# [What needs to be done]
Word for word, output the data, with none of its pictures.

# [Exercise data]

____________________

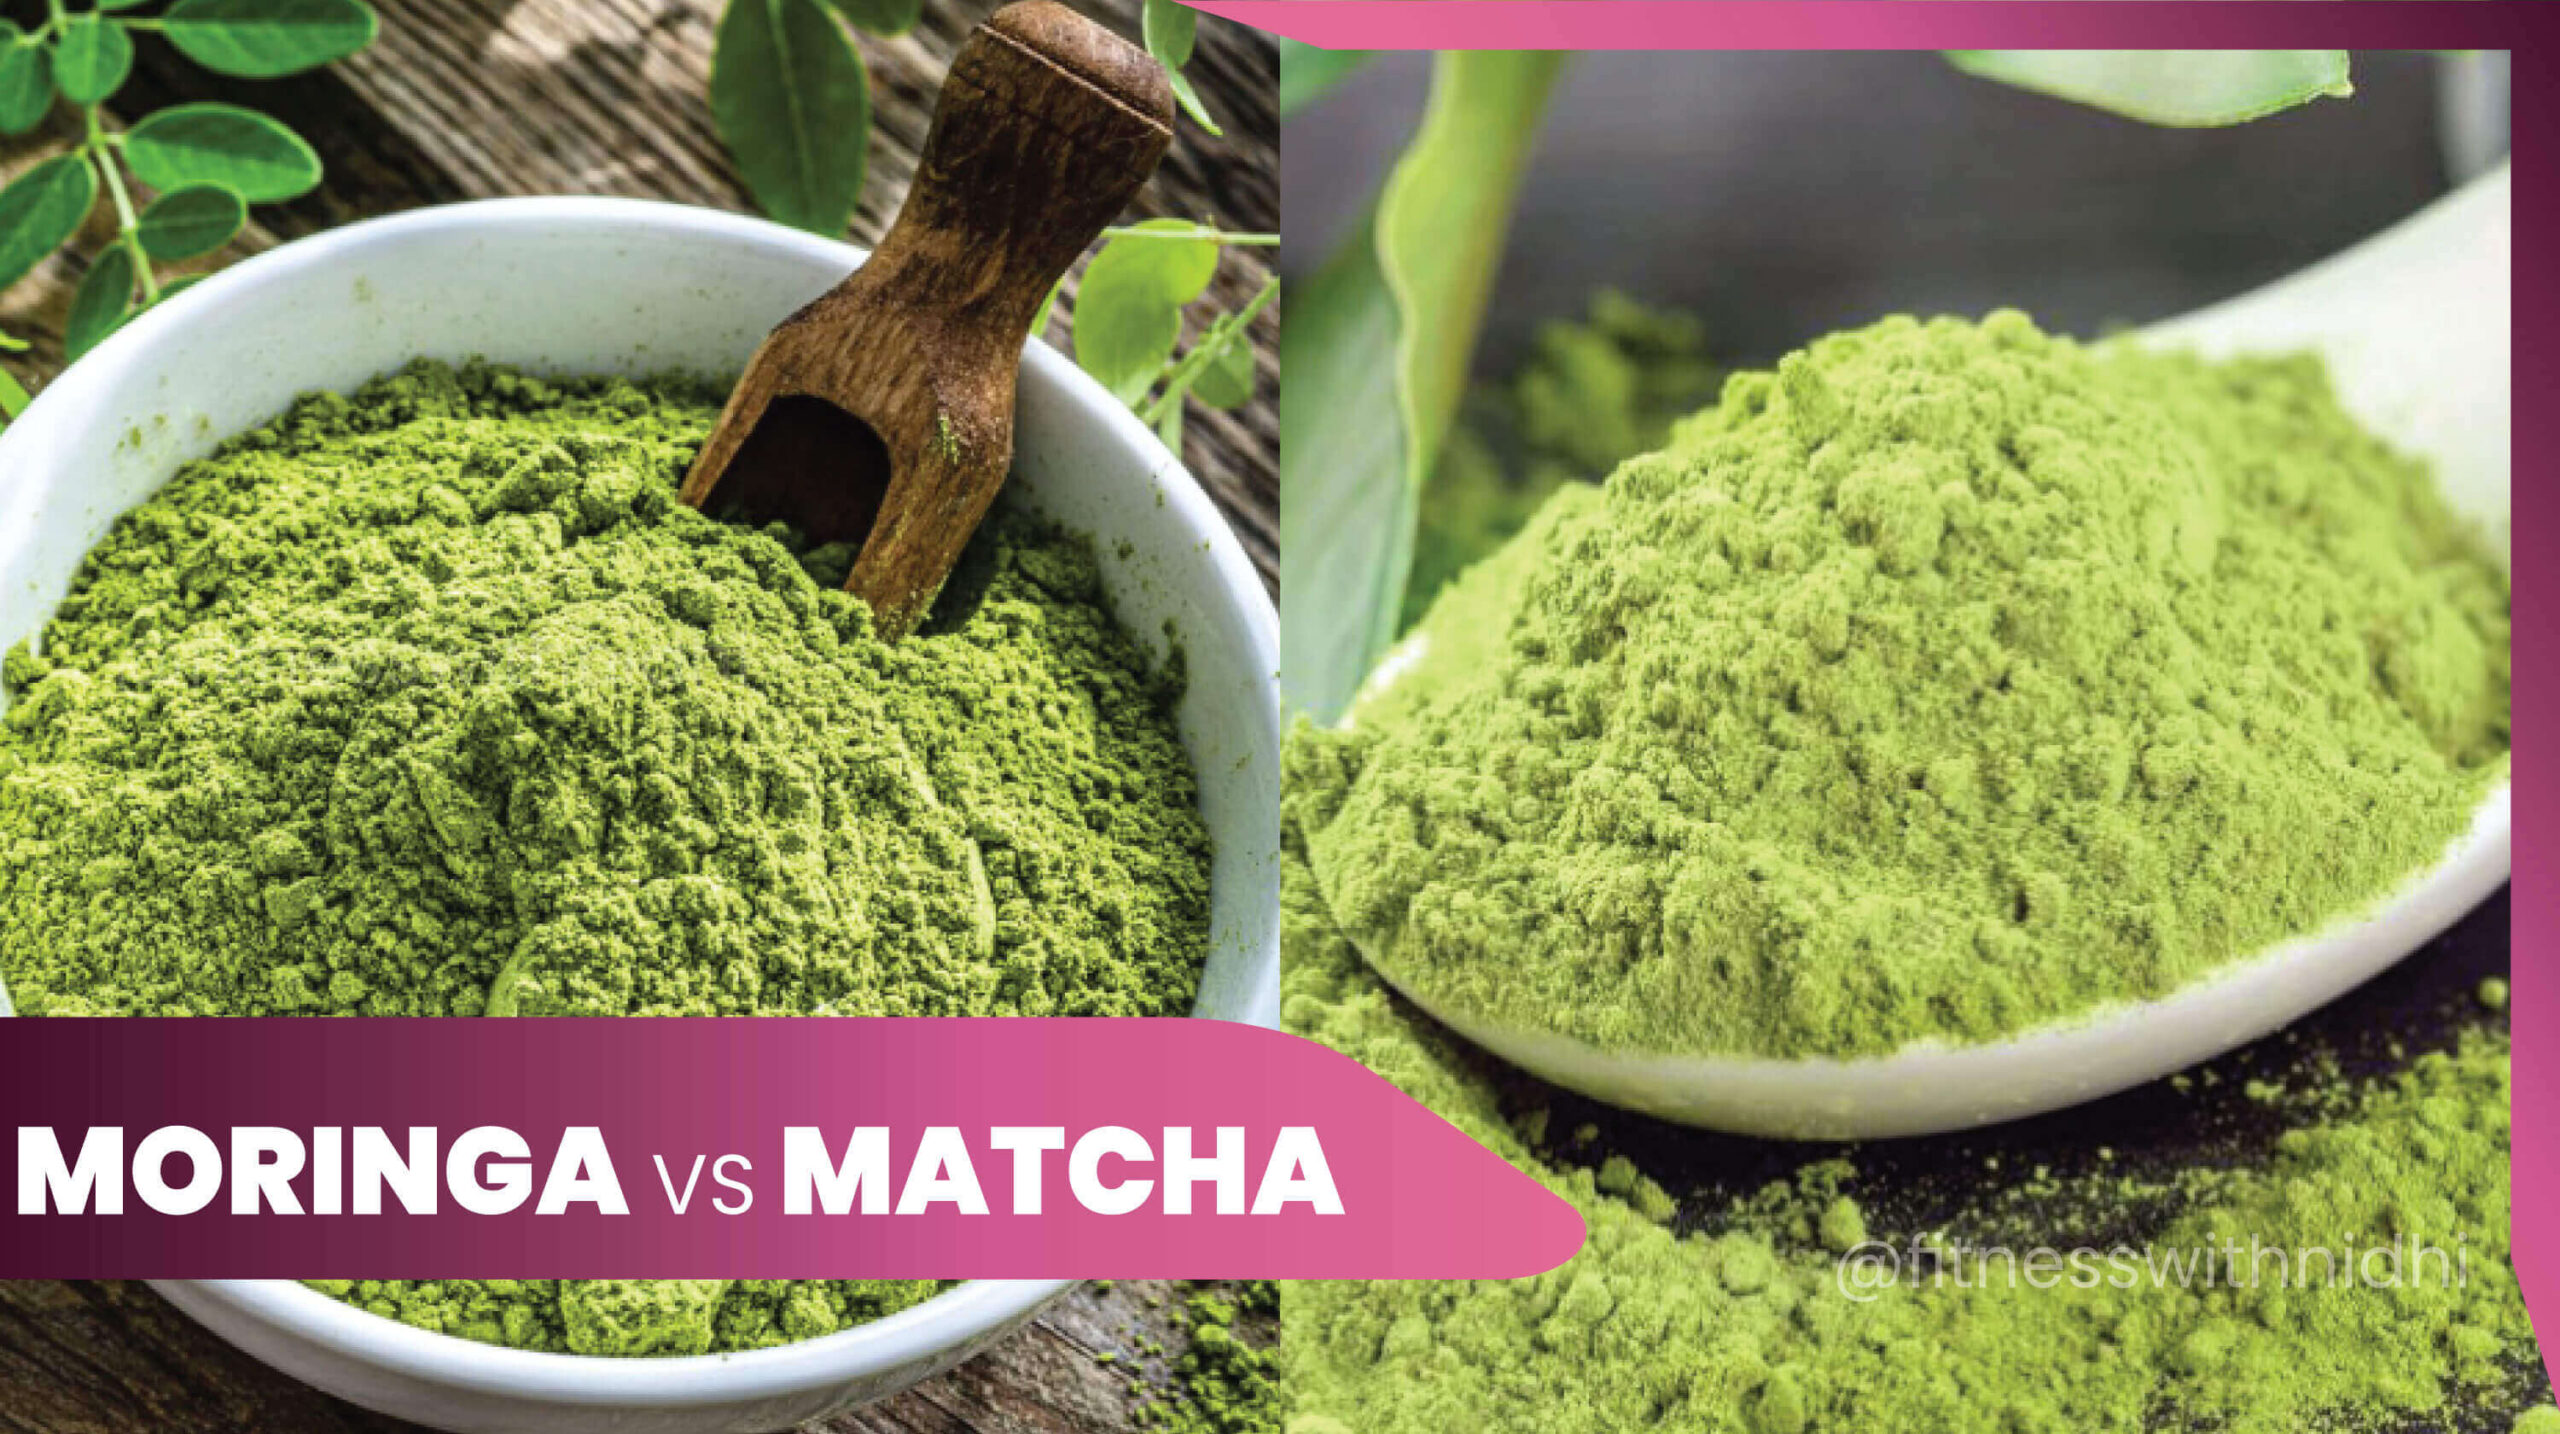 11moringa vs matcha nutritional difference
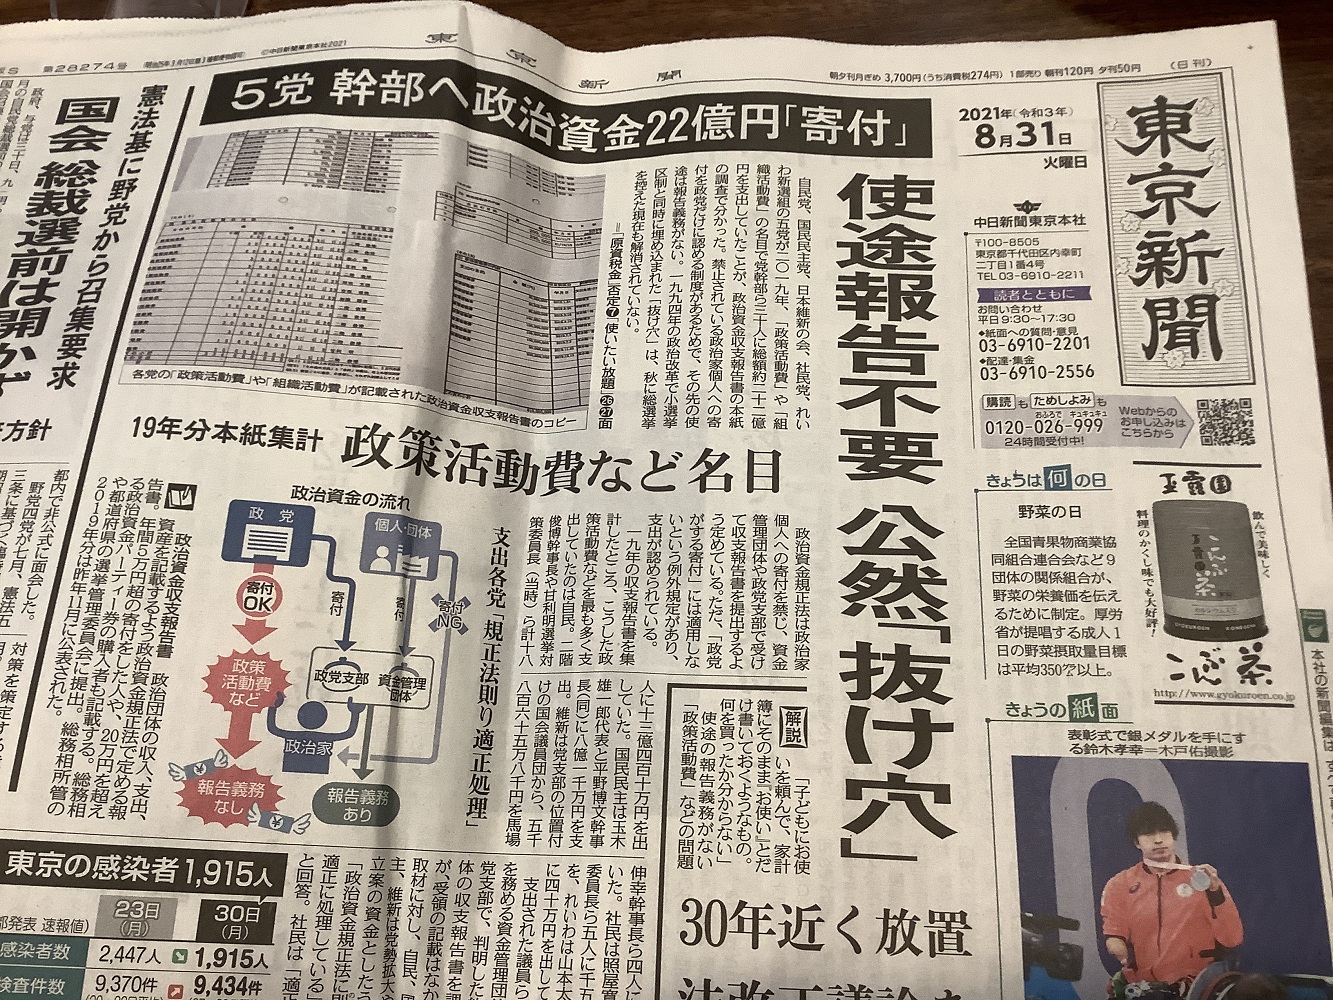 東京新聞今天頭版頭條也是針對二階等提走鉅額政治資金，帳目不清等作了批判性報導，這也是逼二階下台的原因之一。 圖：攝自東京新聞
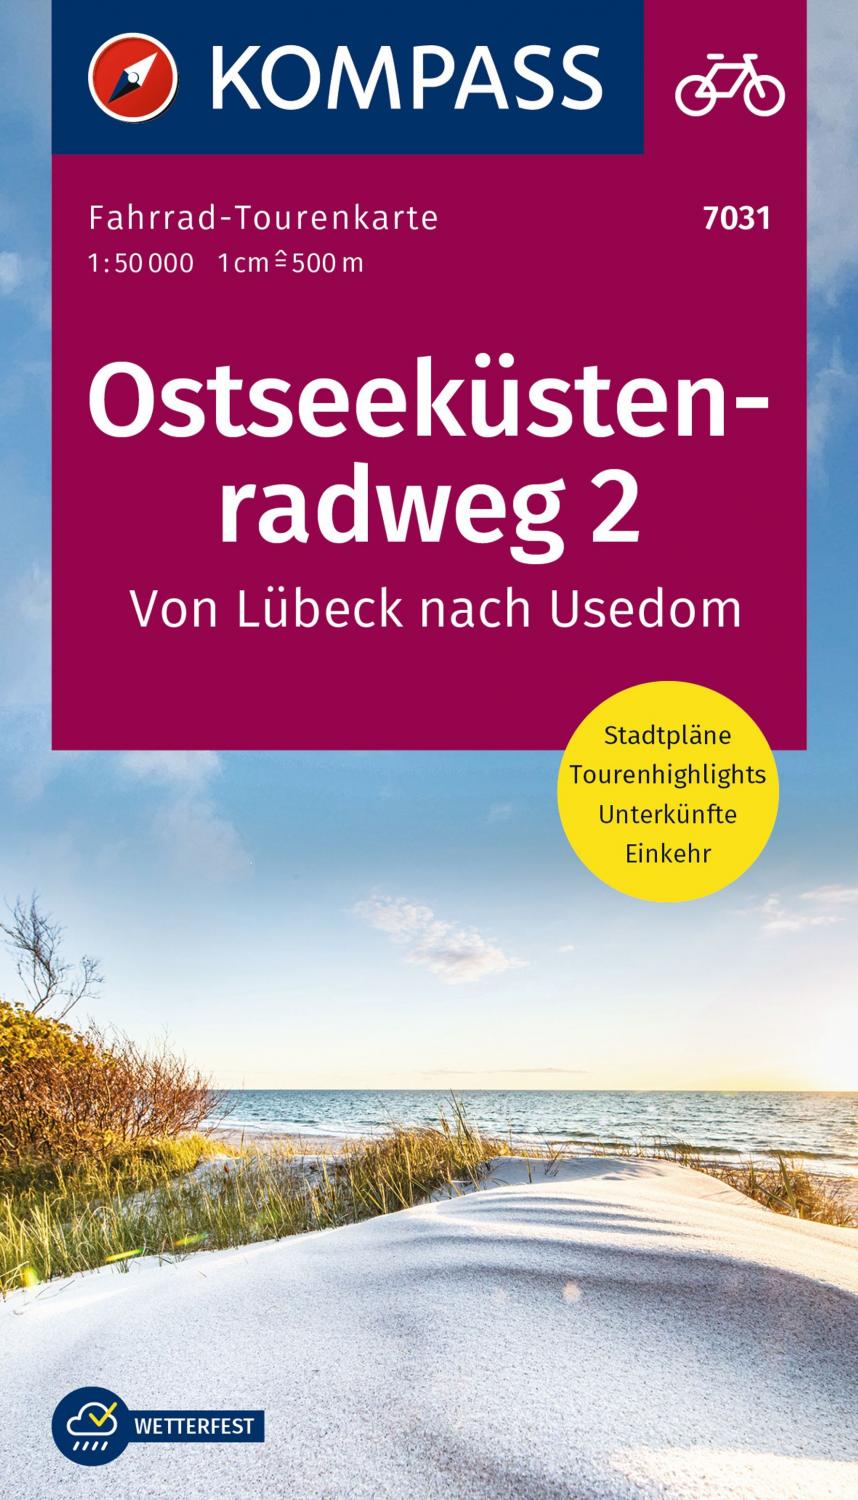 Ostseeküsten-radweg 2 - Piste cyclable de la mer Baltique entre Lübeck et Usedom
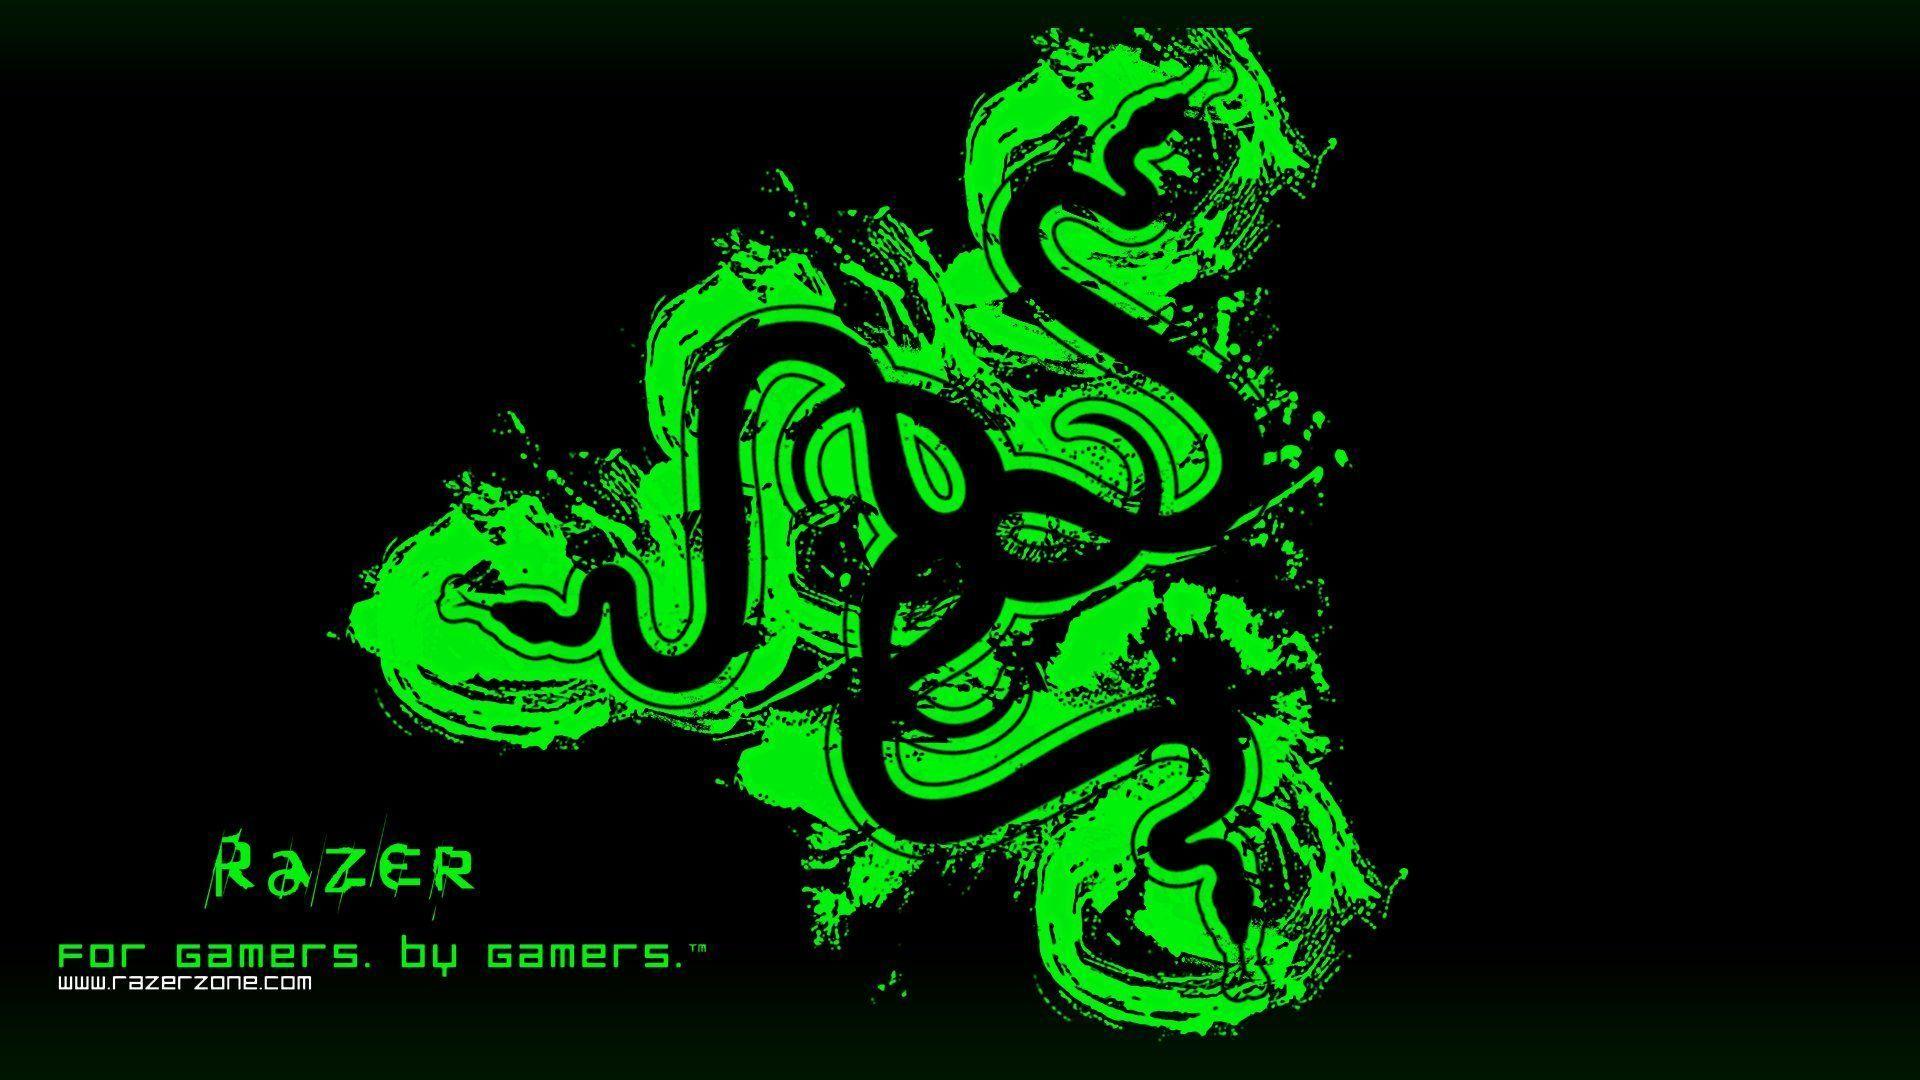 RAZER GAMING computer game (10) wallpaperx1080

____________________

# [Result for this exercise]
 11moringa vs matcha nutritional difference
 東京新聞今天頭版頭條也是針對二階等提走鉅額政治資金，帳目不清等作了批判性報導，這也是逼二階下台的原因之一。 圖：攝自東京新聞
 Ostseeküsten-radweg 2 - Piste cyclable de la mer Baltique entre Lübeck et Usedom
 RAZER GAMING computer game (10) wallpaperx1080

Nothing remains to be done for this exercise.